Our team loves when the Burt Munro Challenge rolls into town, and 2021 is no exception.
Classic Motorcycle Mecca is the place to be during the challenge, and we have an absolute ball chatting to those who pop into the museum to check out our collection of vintage and veteran bikes.
So, what’s really taken the fancy of our visitors this year?
There’s no doubt about it – guests are blown away by the sheer size and scale of the collection at Classic Motorcycle Mecca. Recently-completed renovations have transformed our museum into a massive space: spanning three floors, and two full inner-city buildings.
And, trust us, despite its size Classic Motorcycle Mecca is chocka with some of the most incredible bikes ever made.
Julian Jones, from Auckland, was in town for his third Burt Munro Challenge. 2021 marked his first visit to Classic Motorcycle Mecca – and he says it lived up to the hype.
“I’ve never seen more Vincents, so many Broughs – I just can’t believe it. I’ve been around bikes my whole life but there’s some models in here I never even knew existed. I just think the amount of bikes is phenomenal,” he says.
As far as standouts go? He reckons you can’t go past the 2007 Vincent Black Shadow.
“It’s hard to choose just one bike, because there’s so many of them, but that one was definitely quite interesting.”
Self-professed petrolheads Dennis Roderick and Jane Black, from the Kapiti Coast, couldn’t pick a favourite bike amongst the collection – there are just too many beauties to choose from.
“We’ve gone round quite a few of the bikes so far, but we’re still going – we’ll be here for quite a while. There’s a lot to see, isn’t there?” Roderick says.
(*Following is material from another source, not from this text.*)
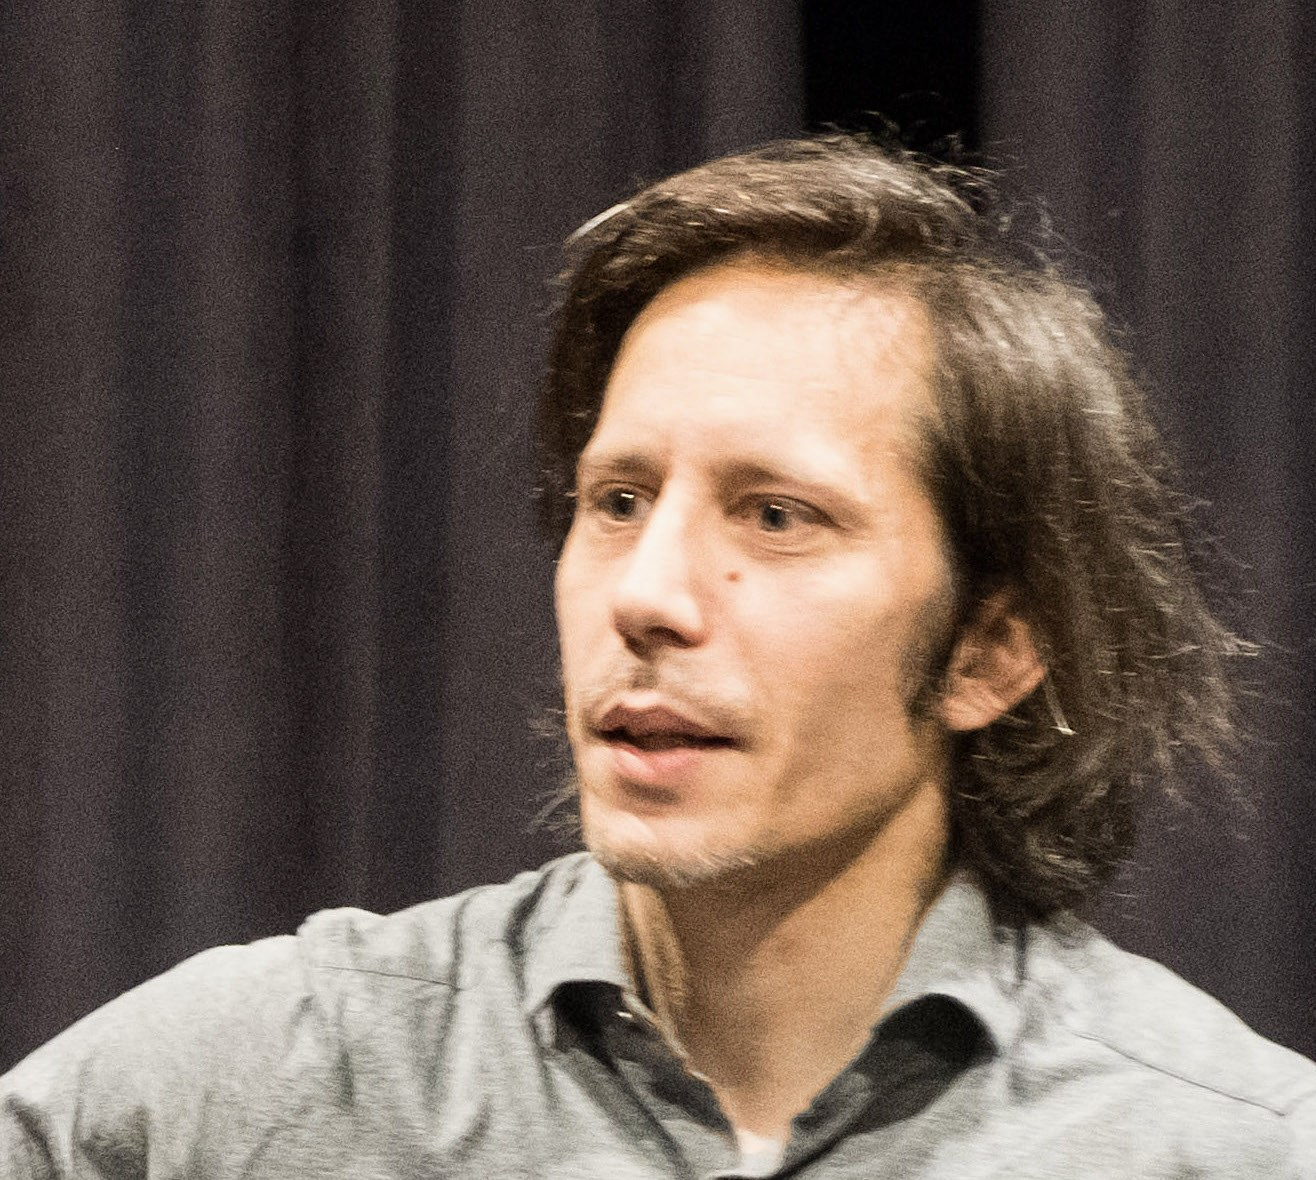 Marco Ferro
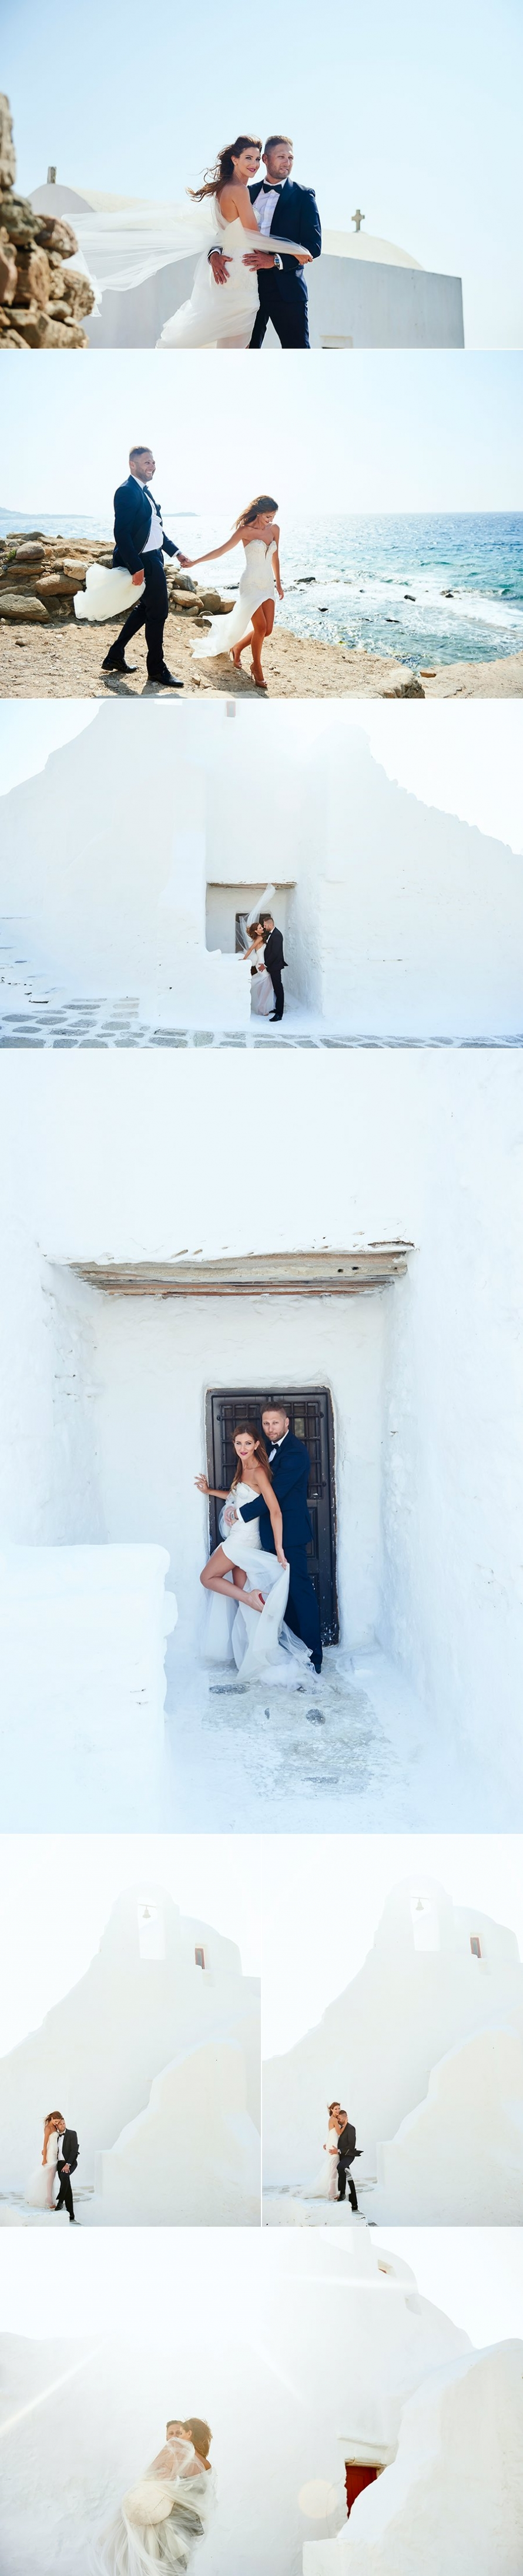 Gragan Gloria wedding photo 06

Black says the stories accompanying each of the classic motorcycles were just as impressive as the bikes themselves.
“I’m really enjoying the history, all of the information. Things like, I remember Ginger Molloy riding back in the 1970s. It’s been really interesting.”
Warren McFarlane was part of a group of nine mates – six riders, and three people in a ‘support vehicle’ – who made the journey down to Invercargill for the Burt from Napier.
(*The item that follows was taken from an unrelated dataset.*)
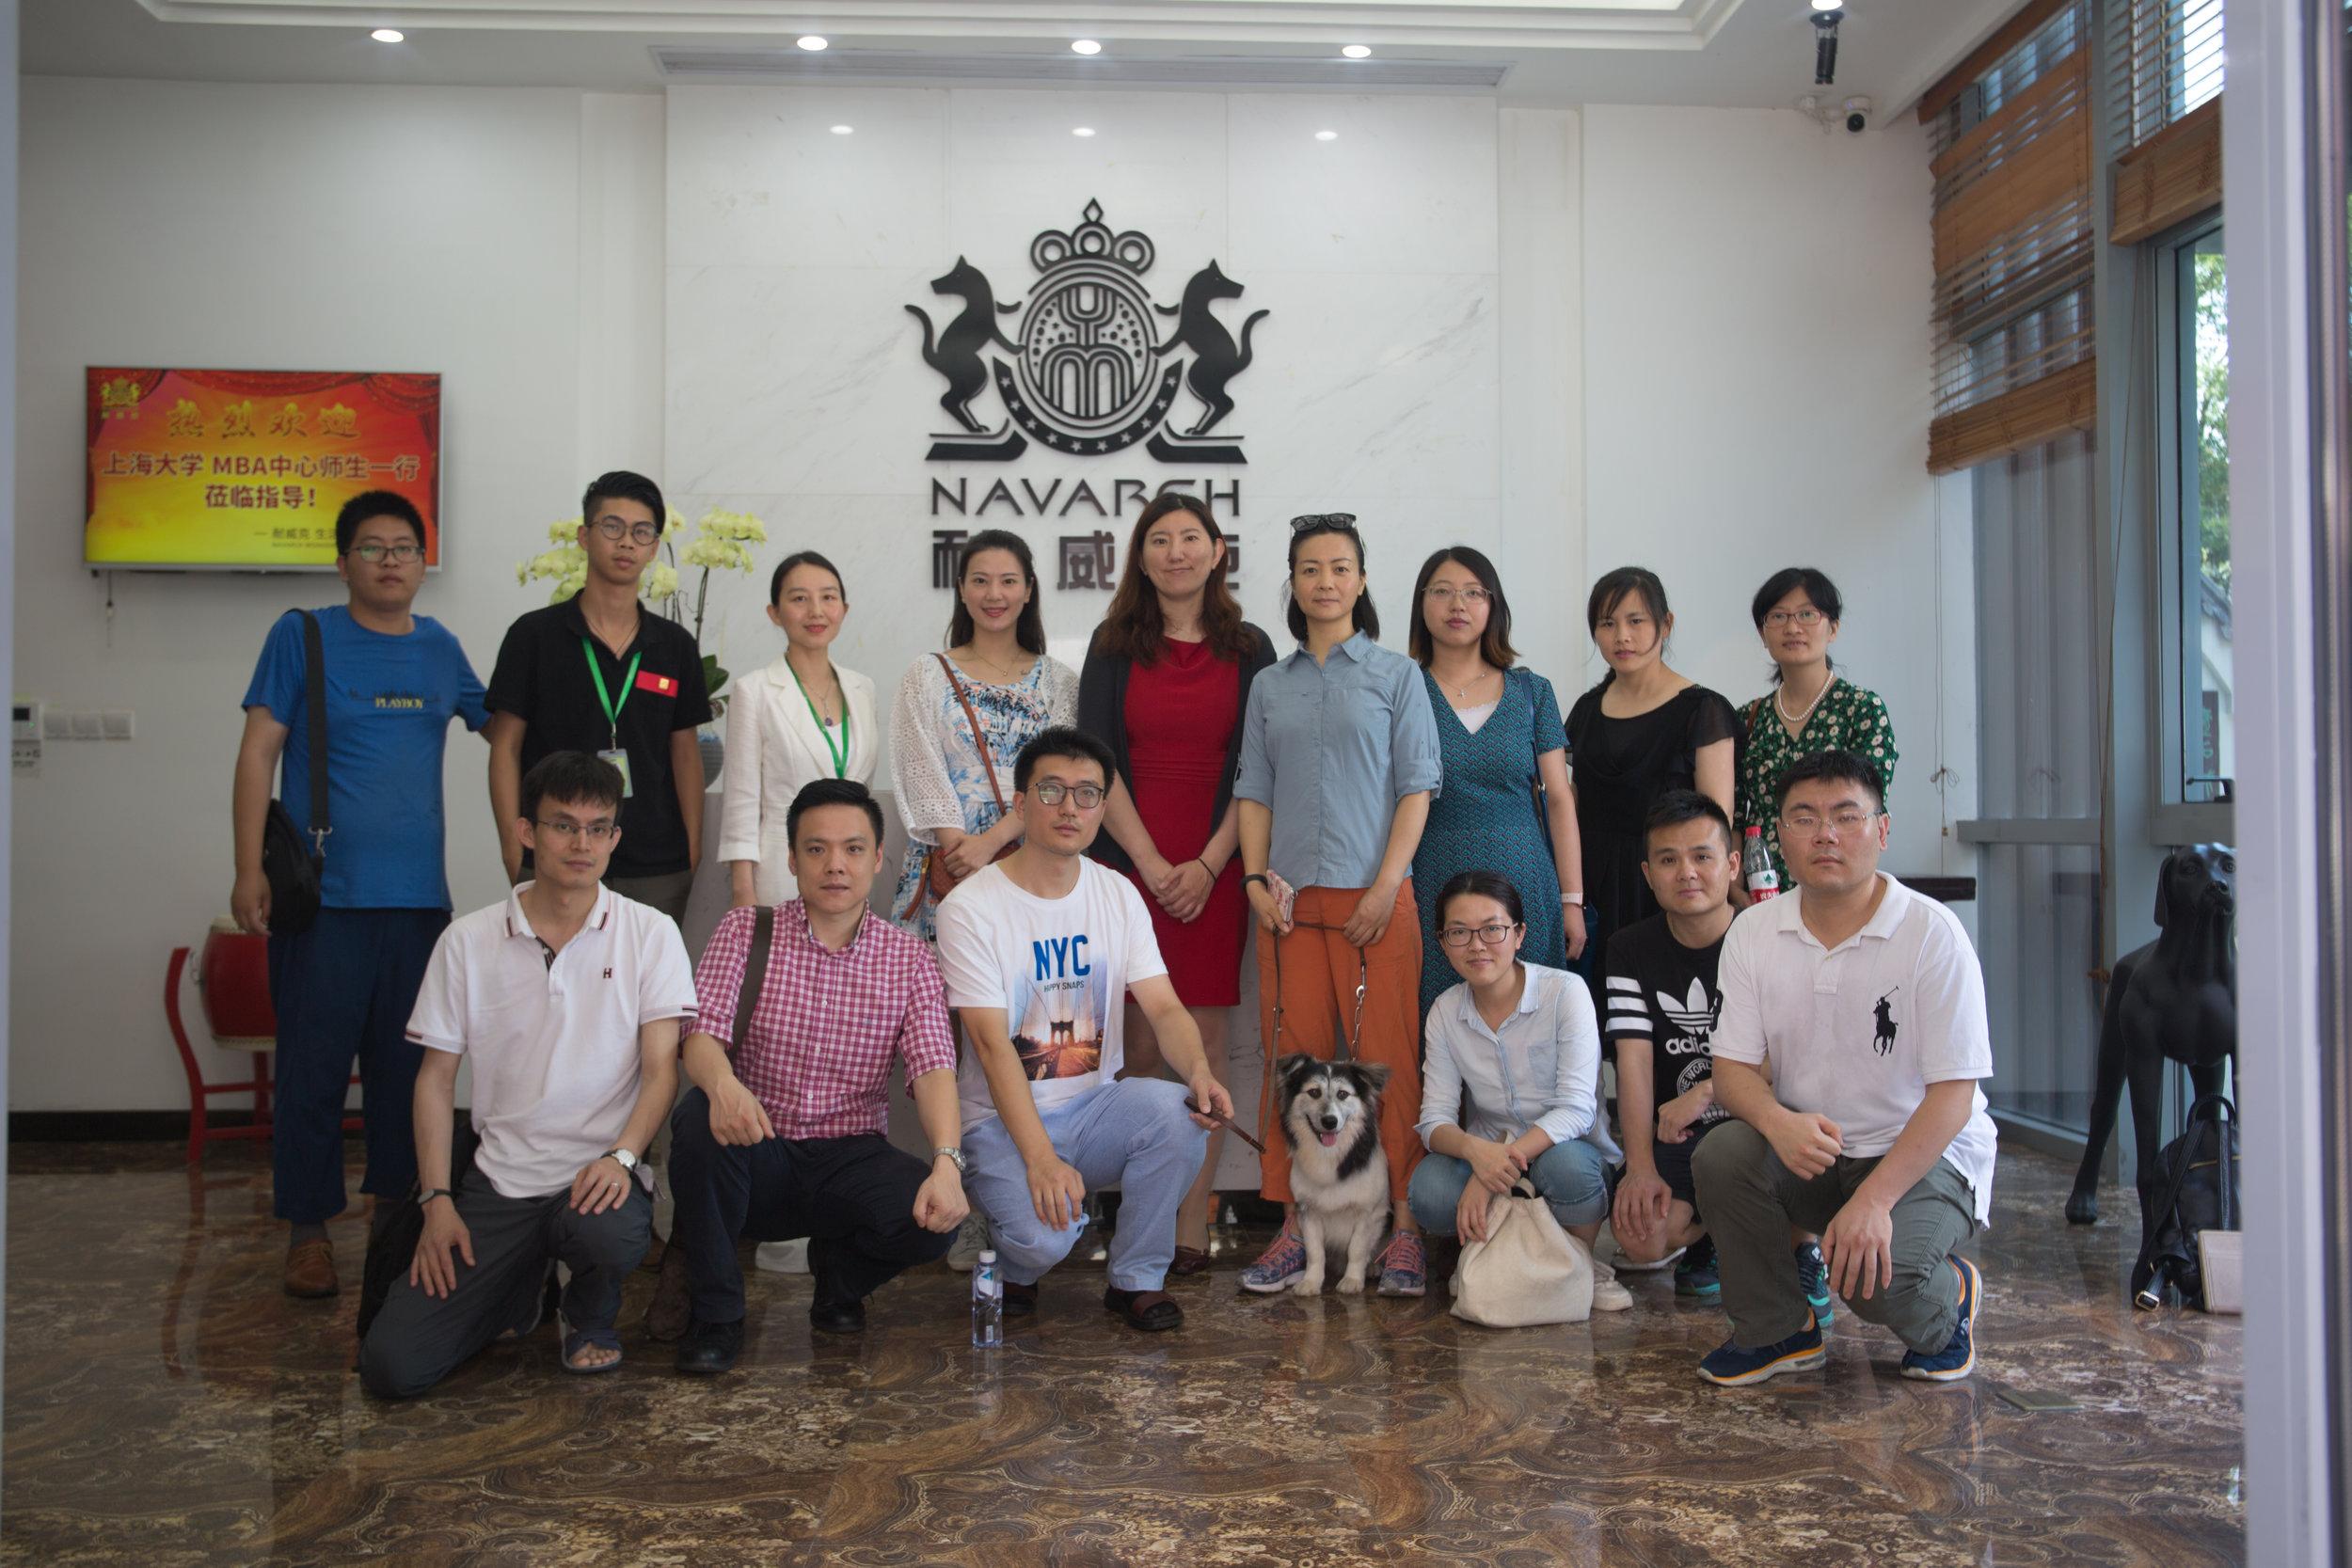 visit Navarch pet supplies company.jpg

While admittedly not as much of a motorbike enthusiast as some of his crew, “everybody I told I was coming here said the same thing – ‘you’ve got to go and check this out’.”
For him, learning more – and being able to see – the developments in the engineering and technology of the motorcycles on display was pretty fascinating stuff.
“Just seeing the way the bikes developed over the years, going from those early ones from 1902 and then bikes from just 10 years later, where the way they were put together was so different in comparison, it’s been really interesting,” he says.